1717 Sumneytown Pike, Gwynedd PA 19436, Lower Gwynedd township, Montgomery County



Jenkin Jenkin came from Wales to this country around 1729 at the approximate age of 60 (born in Wales in 1659).  His wife was born in 1690.  He bought 350 acres of land in Hatfield.  He died in 1745 at the age of 86 years, and she died in 1764 at the age of 74 years.  Their son John Jenkins was born in 1719 in Wales, married Sarah Hawkesworth and had eight children.  He was the progenitor of the Jenkins family in this country.  He died in 1803 or 1804.  His son, Edward (Howard M. Jenkins’ great grandfather) was born in 1758 and died in 1829.  He married Sarah Foulke (born 1764, died 1828), whose ancestors, Edward and Eleanor Foulke came from Wales in 1698 and settled at Gwynedd.  Edward and Sarah lived in Gwynedd and had six children, among them Charles F. Jenkins (Howard’s grandfather) who was born in 1793 and died at Gwynedd in 1867.  Charles F. Jenkins married Mary Lancaster who was a descendant of Thomas Lancaster, a well known Quaker minister at Richland Meeting.  Charles was trained in the mercantile business in his father’s store at Gwynedd, then worked in Philadelphia near Christ Church for twelve years.  When his father died in 1830, he returned to his father’s store in Gwynedd. Their son, Algernon S. Jenkins (Howard’s father) was born in Gwynedd had a farm nearby and died there in 1890 (in a fall in his barn).  His gravestone is in the Gwynedd Friends Meeting burial grounds (marked born 11/27/1816, died 7/9/1890).  He was an esteemed business man and justice of the peace, interested in promoting the common welfare.  He married Anna Maria Thomas and had one child, Howard Malcolm Jenkins born on March 30, 1842. 
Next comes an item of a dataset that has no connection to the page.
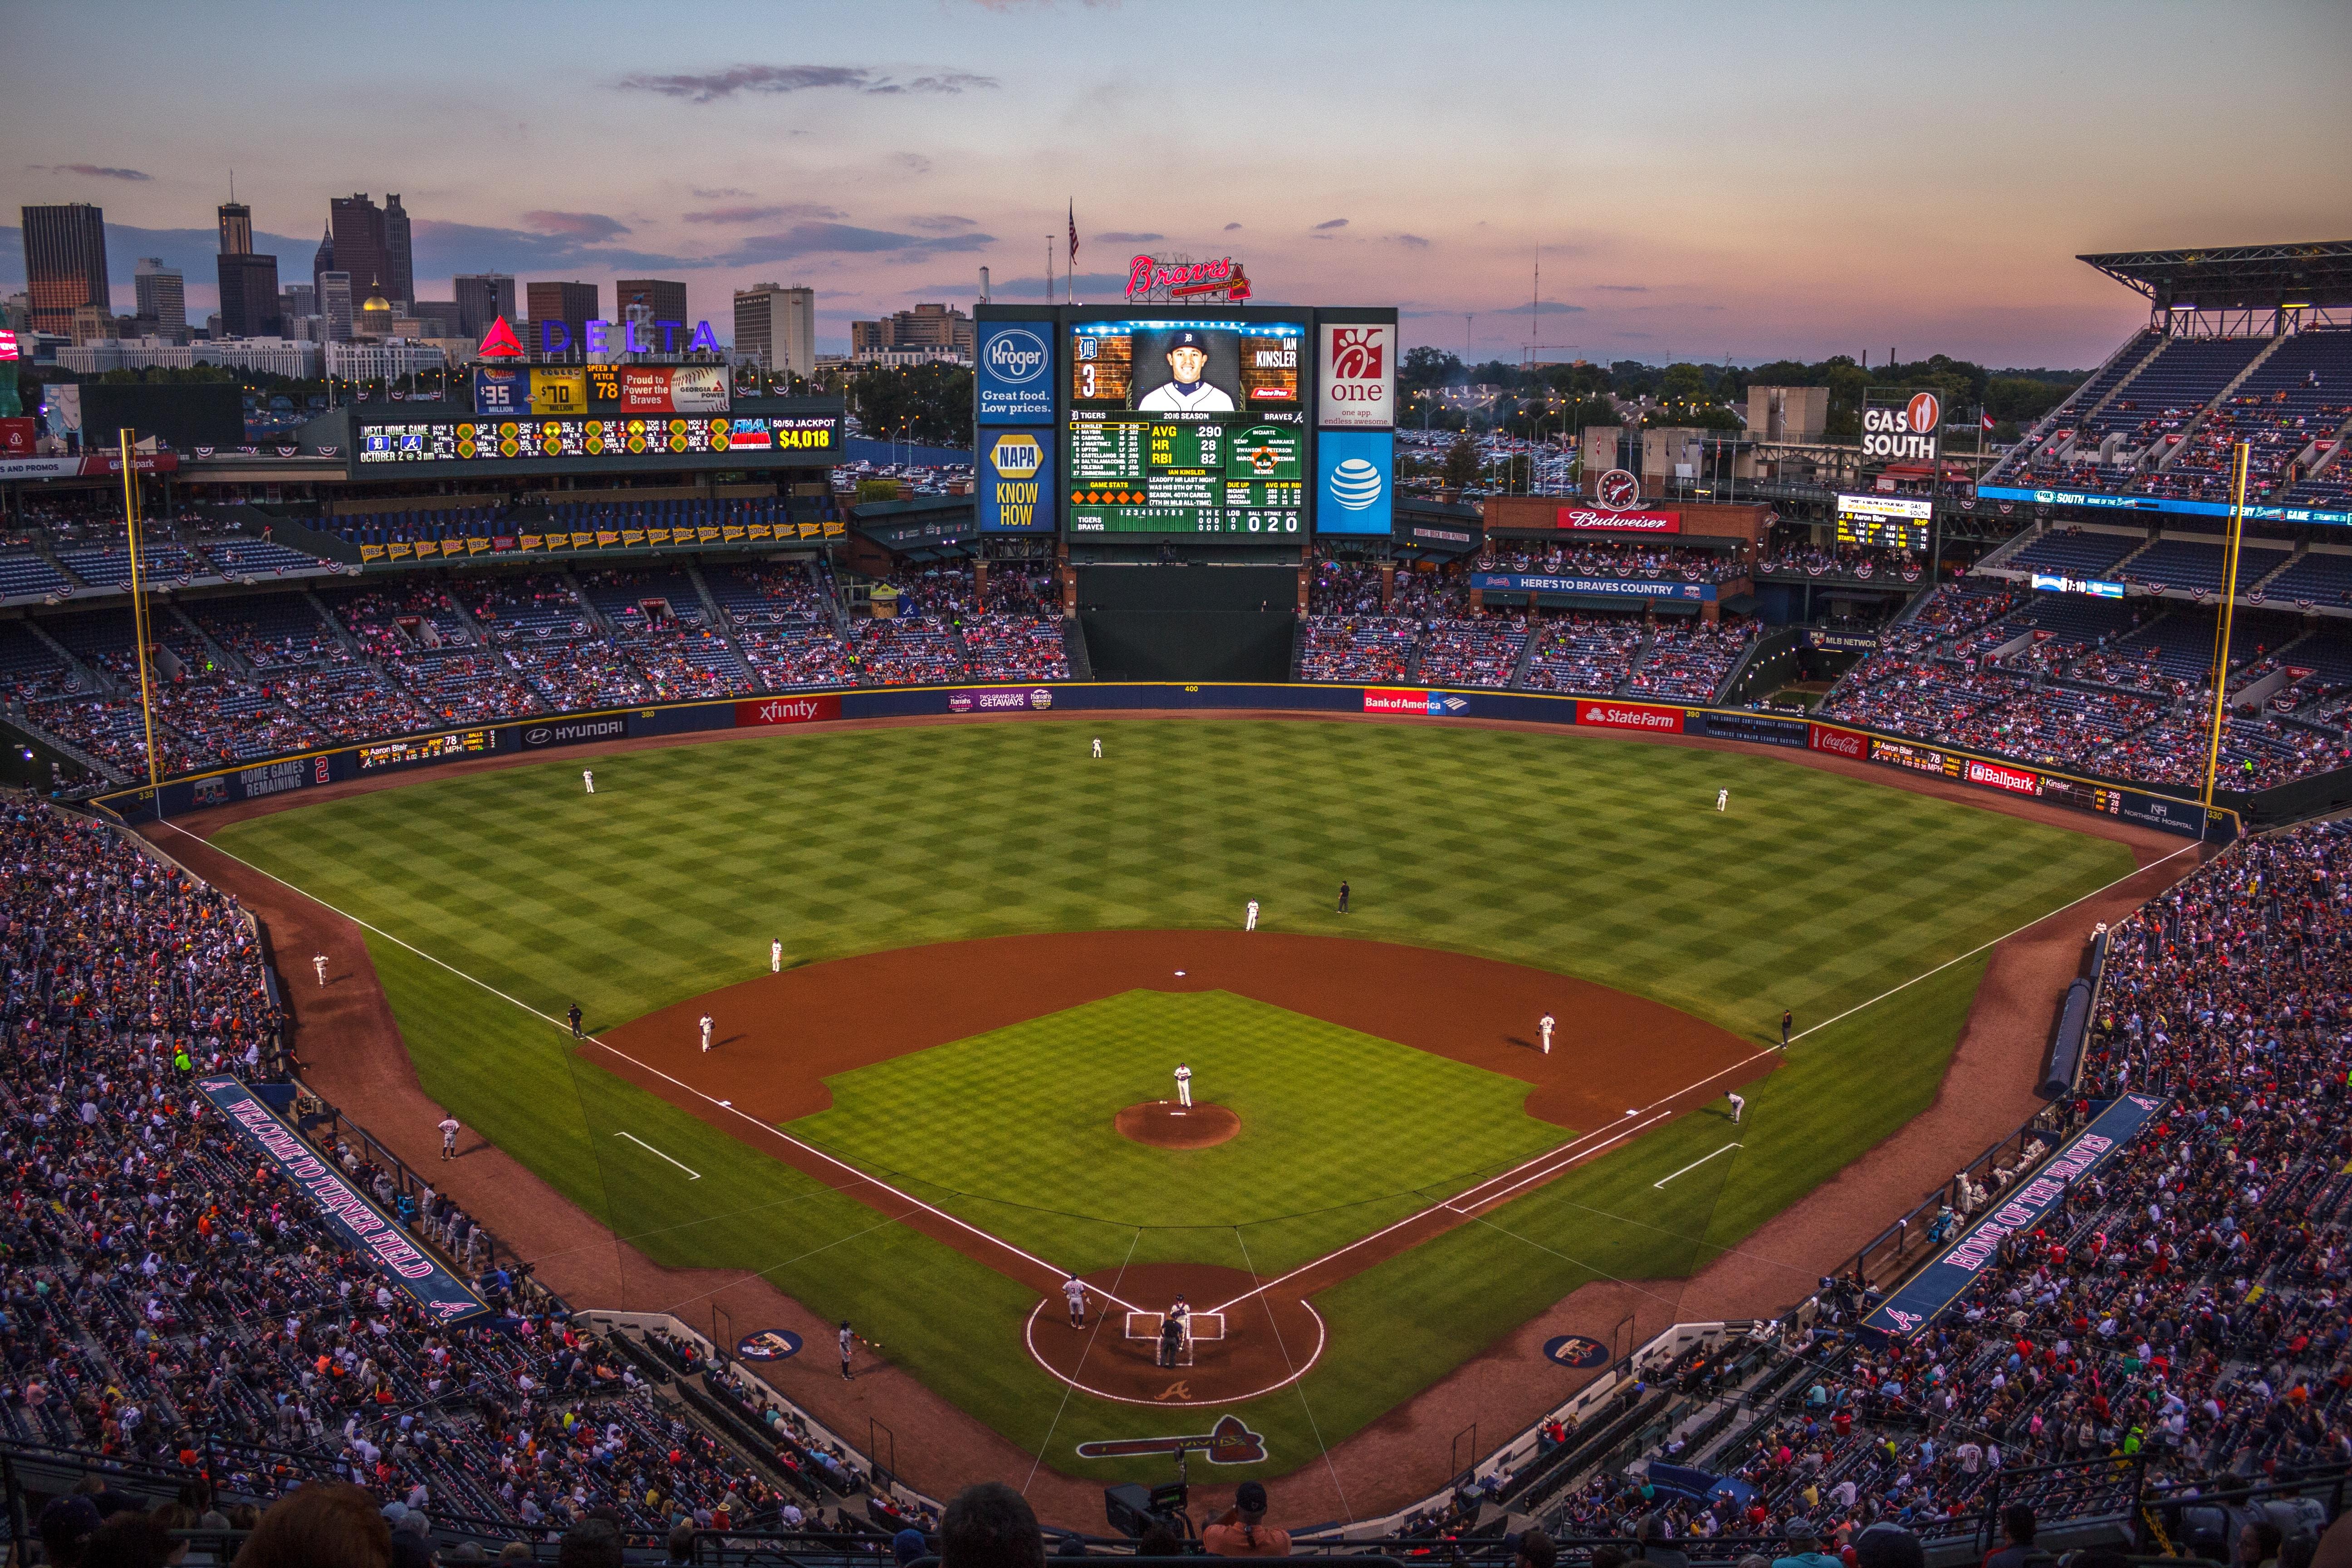 A major leagues baseball game at Turner Field

Howard M. Jenkins was an author, journalist and leader in the Philadelphia Yearly Meeting of Friends.  Elwood Roberts in his “Biographical Annals of Montgomery County, Pennsylvania” (1904) wrote: “Plain and practical in his ideas, he knew how to solve the puzzling problems that arose, and his counsel was certain to be safe in the great majority of cases”.  He was educated at the Foulke Boarding School in Gwynedd and assisted his father on the farm and in his business.  When the opportunity arose in 1861 he joined his brother-in-law in purchasing the Norristown Republican.  In three years it was merged into the Herald and Free Press.  He later went to Wilmington, Delaware  and established the Daily Commercial.  In 1879 he moved to West Chester, Pennsylvania and became editor-in-chief of the Friends Intelligencer, which position he held until his death. He is the author of Historical Collection of Gwynedd, a township history found elsewhere on this web site.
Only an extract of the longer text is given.